# Drucker reinigen oder entsorgen?



## Lordac (21. November 2008)

Hallo,

ich habe einen Okipage 8w Lite Laserdurcker der ca. 7 Jahr alt ist. In meiner alten Wohnung ist aber mit der Zeit wohl Staub reingekommen und nun sehen die ausgedruckten Seiten nicht mehr gut aus.

Lohnt es sich den Drucker zum reinigen zu bringen bzw. kann man das selbst machen, oder entsorge ich ihn besser?

Danke,

Lordac


----------



## Sash (21. November 2008)

naja neuen toner besorgen, das ding reinigen.. will nicht wissen wie teuer der toner dafür ist. da lieber für 80€ den  besten tinten/farbdrucker von canon oder so kaufen..


----------



## HeNrY (21. November 2008)

Für ~80€ gibt's nen Brother HL 2030, der macht gute Ausdrucke für's kleine Geld (hab hier so einen).


----------



## jaytech (21. November 2008)

Lordac schrieb:


> Hallo,
> 
> ich habe einen Okipage 8w Lite Laserdurcker der ca. 7 Jahr alt ist. In meiner alten Wohnung ist aber mit der Zeit wohl Staub reingekommen und nun sehen die ausgedruckten Seiten nicht mehr gut aus.
> 
> ...



Wie sehen die Seiten denn aus?
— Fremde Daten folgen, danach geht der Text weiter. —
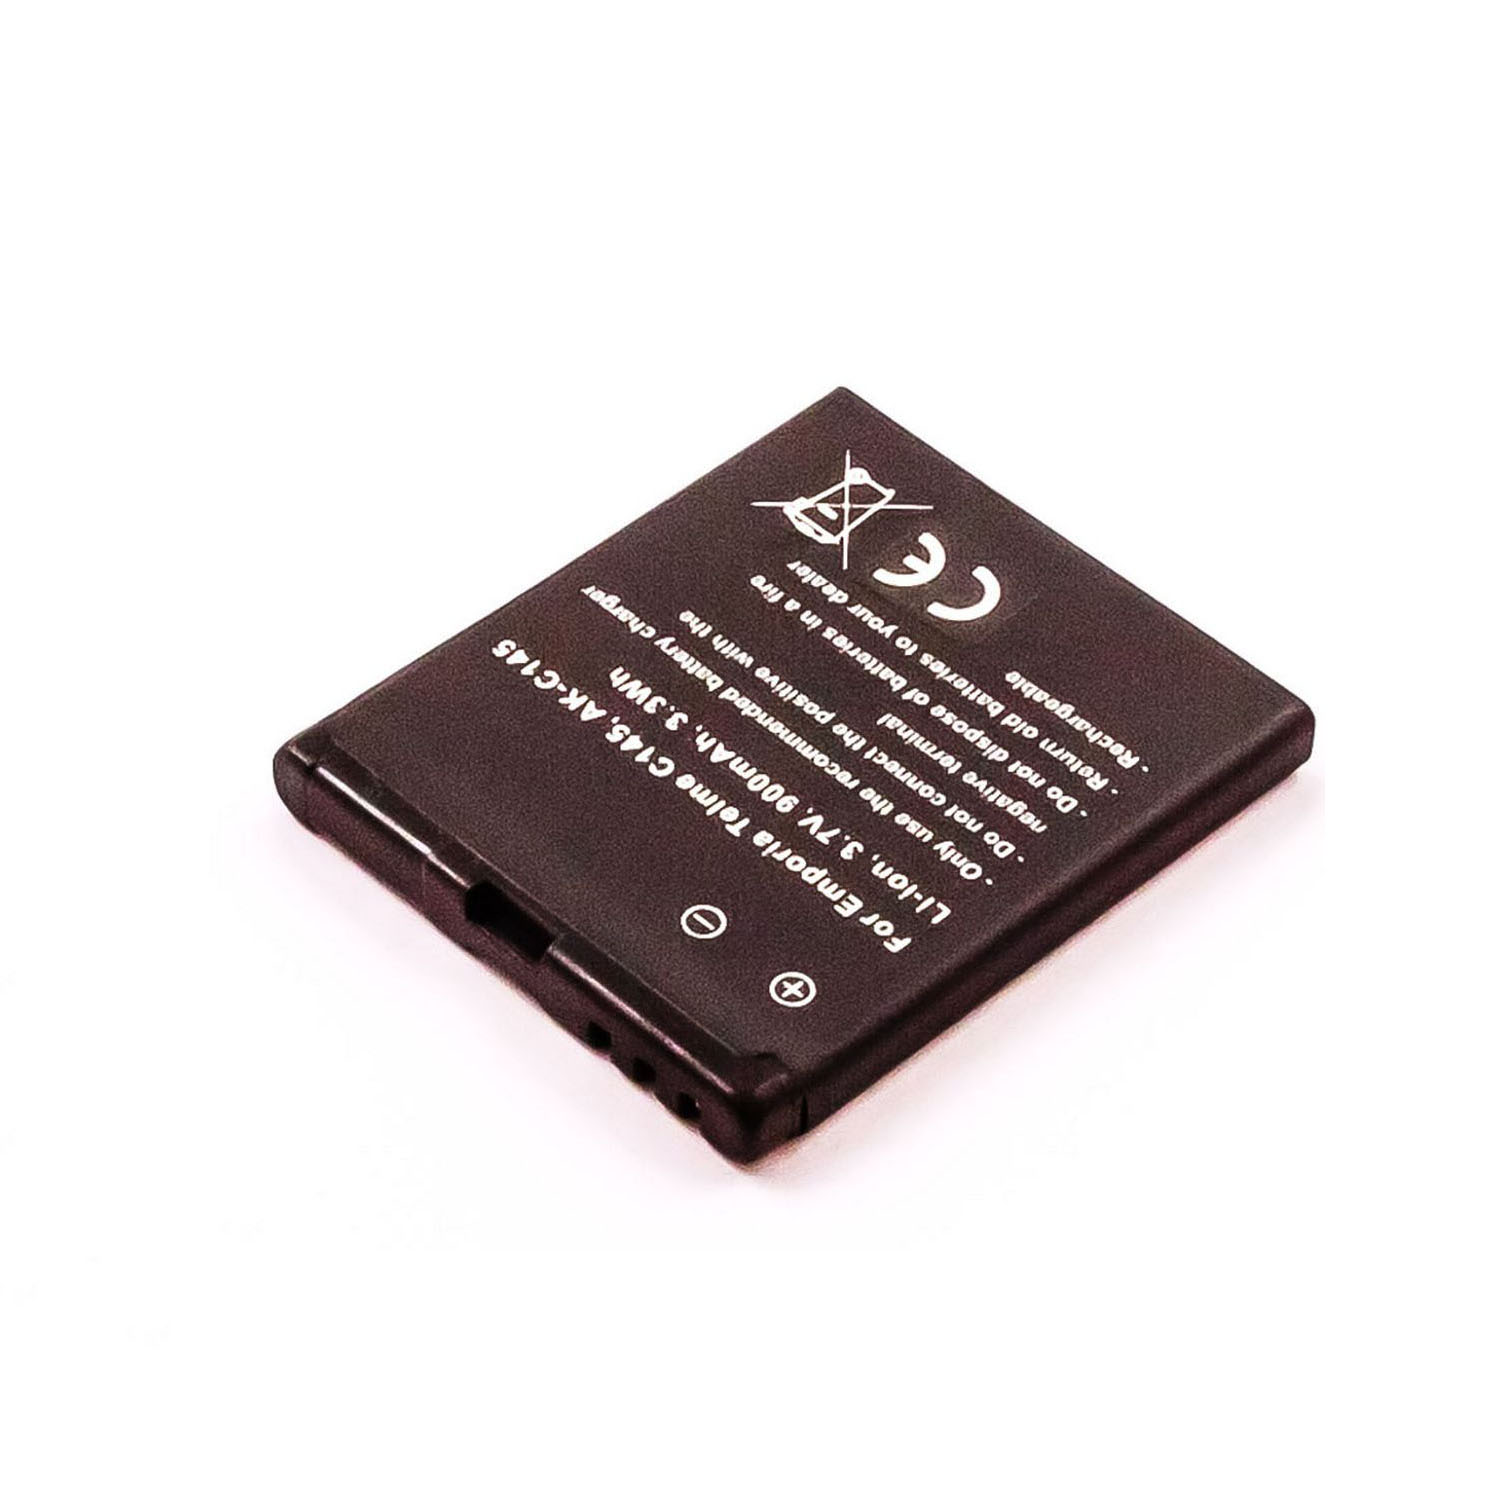 AGI Akku kompatibel mit Handy-/Smartphoneakku, C145|AK-C145 mAh Volt, Li-Ion, Li-Ion 3.7 Telme 700

Sind sie blass gedruckt, oder schwarze Streifen drauf? 

Wenn es sowas ist, dann ist es meistens dreck, also ich würde das ding ersteinmal reinigen am Besten sogar aussaugen und dann ma schauen ob es besser wird, wenns immer noch so ist stellt sich halt die Frage...Geld für nen Toner ausgeben oder gleich nen Tintendrucker holen...


----------



## Lordac (22. November 2008)

Hallo,

das reine Druckbild ist ok, es ist nichts blass und es sind auch keine schwarzen Streifen oder ähnliches zu sehen. Auf dem gesamten Blatt sind aber einige hellgraue Punkte/Flecken verteilt die auch unterschiedlich groß sind. Für mich sieht das nach eingebranntem Dreck/Staub aus, leider habe ich keine Möglichkeit ein Bild davon zu machen. 

Der Toner ist relativ neu bzw. es wurde damit noch nicht viel gedruckt, er hat ca. 40,- Euro gekostet. Den Drucker habe ich auch schon so gut es geht sauber gemacht und auch ausgesaugt, ohne das sich viel verändert hat. Ob ein Fachhändler da noch etwas retten kann weiß ich nicht, auf verdacht einen neuen Toner kaufen lohnt meiner Meinung nach aber auch nicht, ebensowenig ein Verkauf.

Ich denke ich werde ihn entsorgen und bei Bedarf einen neuen kaufen. 

Vielen Dank,

Lordac


----------